YOUR OBJECTIVE =>
Retype each line below precisely and omit all images.
SOURCE DATA Start Marker
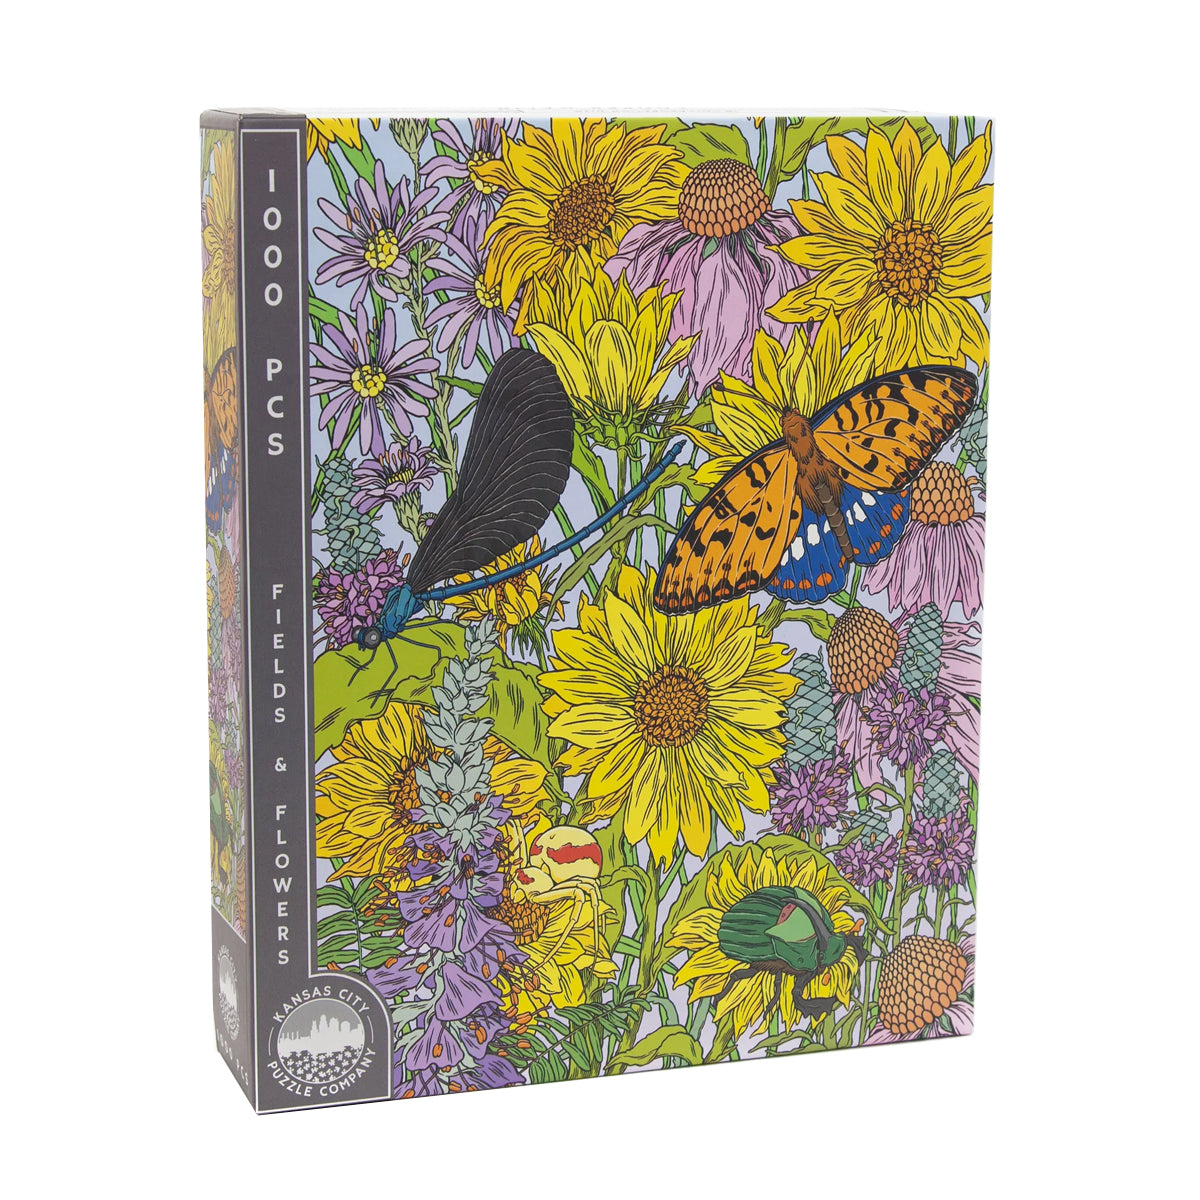 KCPC Fields & Flowers Puzzle by Cooper Malin
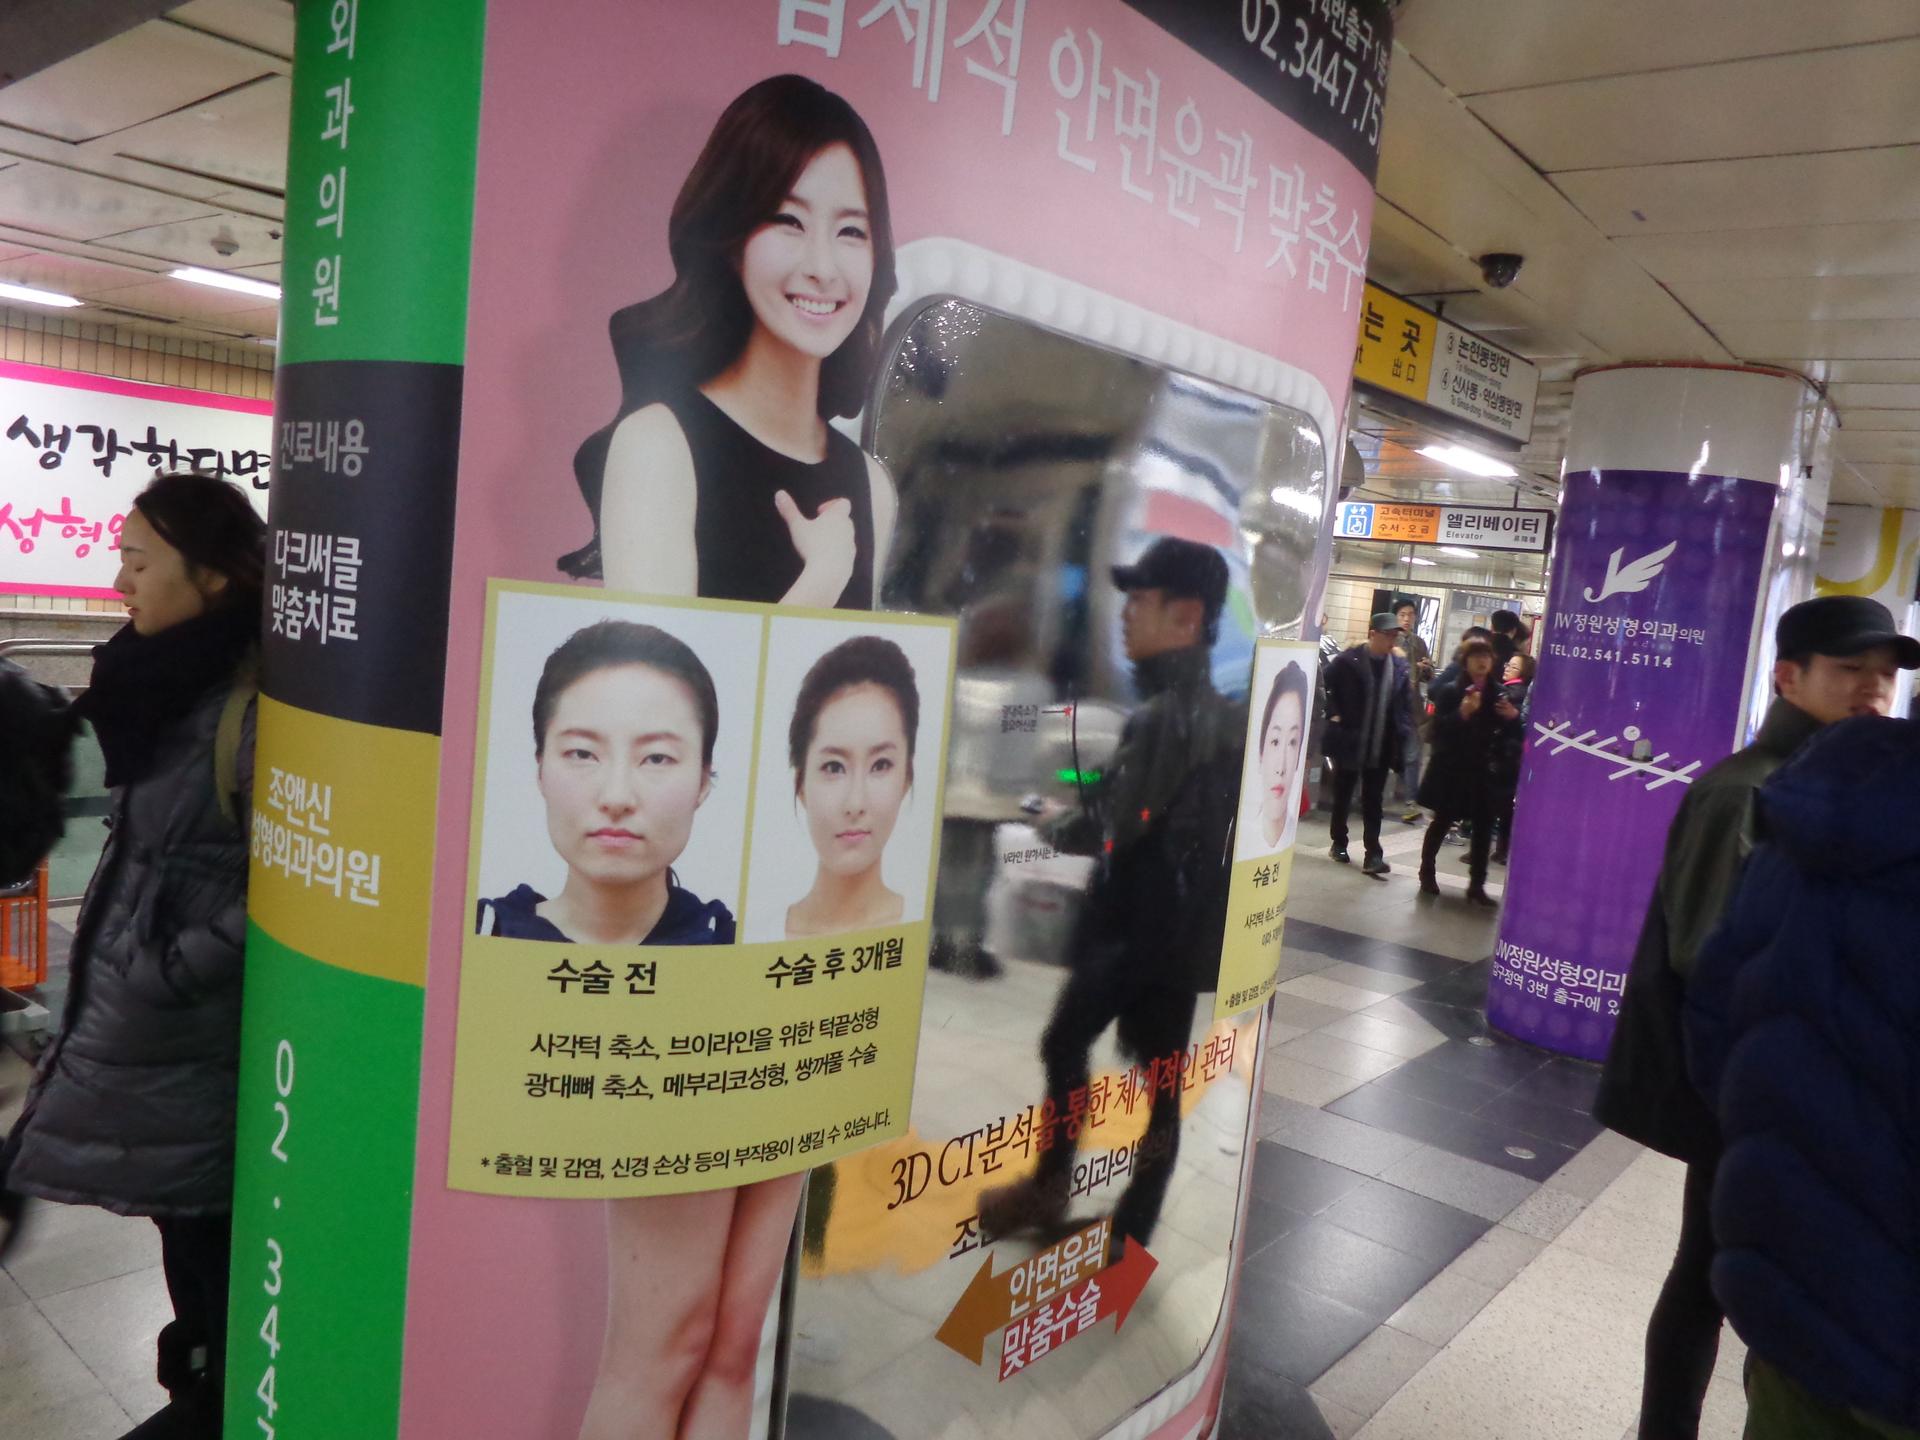 One of many ads for plastic surgery in a Seoul subway station.
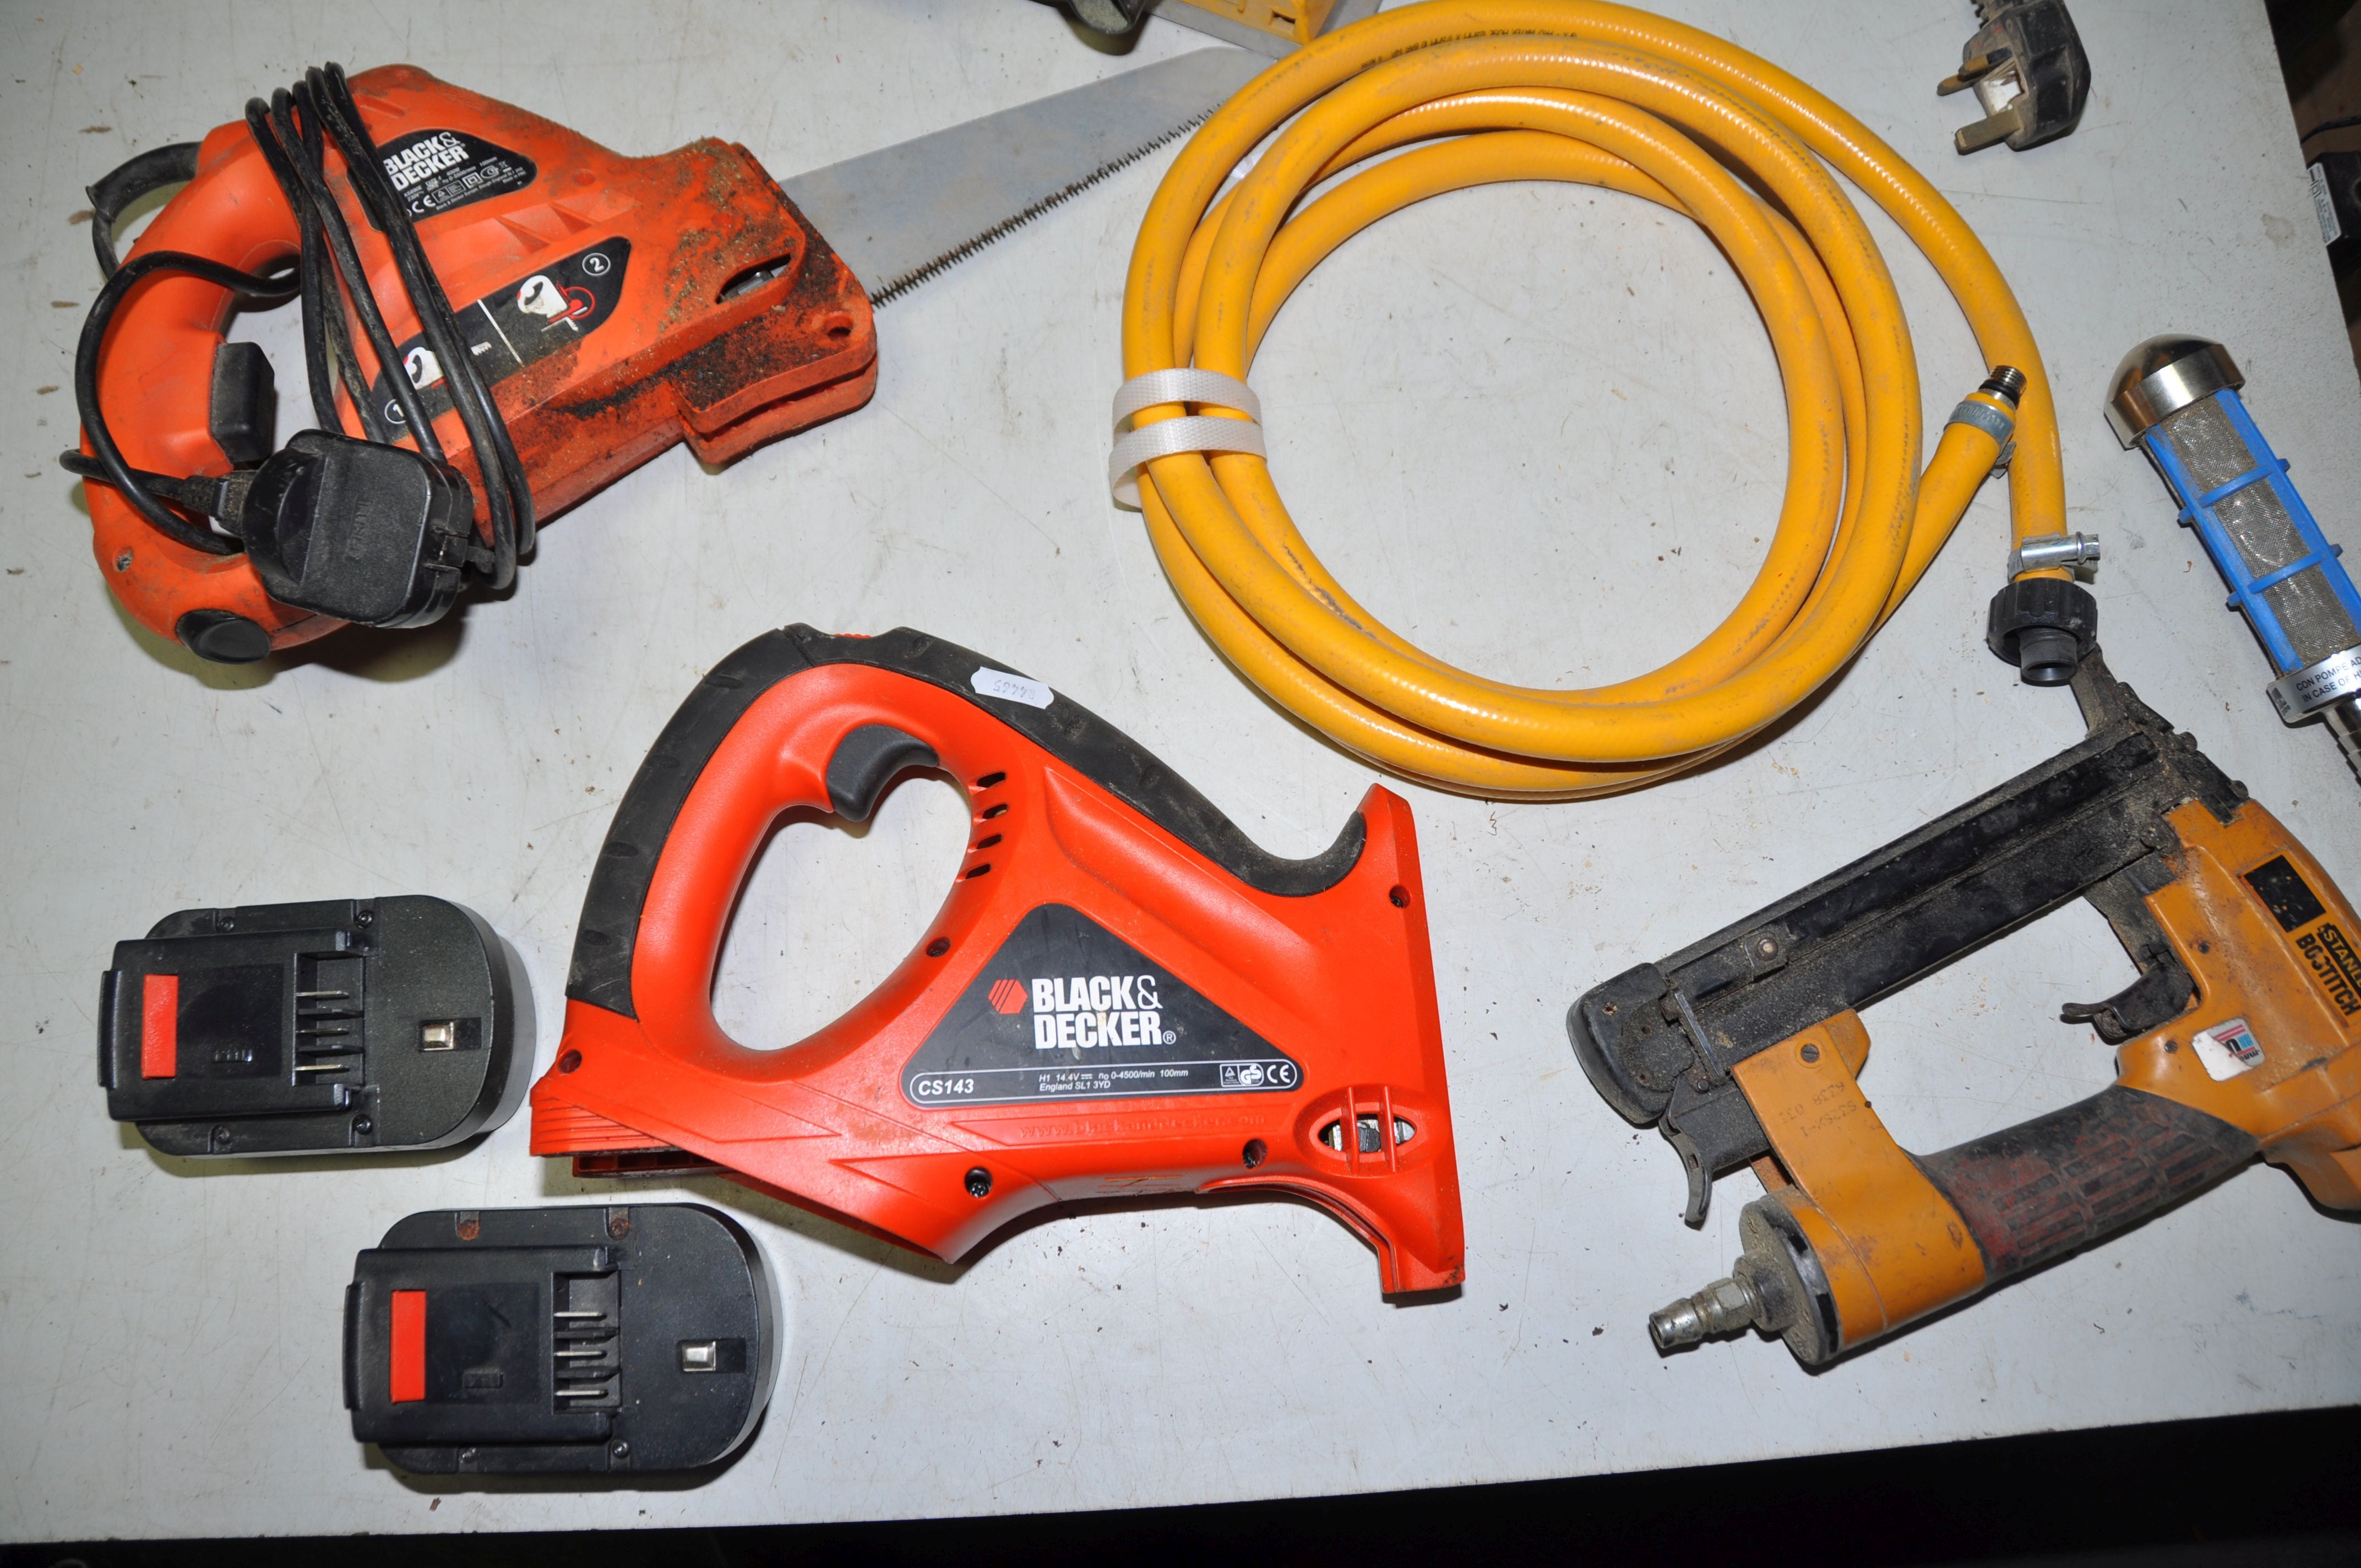 A SELECTION OF POWERTOOLS to include a Dewalt DW321 jigsaw, Black and Decker KS890E scorpion - Image 3 of 3
SOURCE DATA End Marker
EXERCISE ANSWER =>
 KCPC Fields & Flowers Puzzle by Cooper Malin
 One of many ads for plastic surgery in a Seoul subway station.
 A SELECTION OF POWERTOOLS to include a Dewalt DW321 jigsaw, Black and Decker KS890E scorpion - Image 3 of 3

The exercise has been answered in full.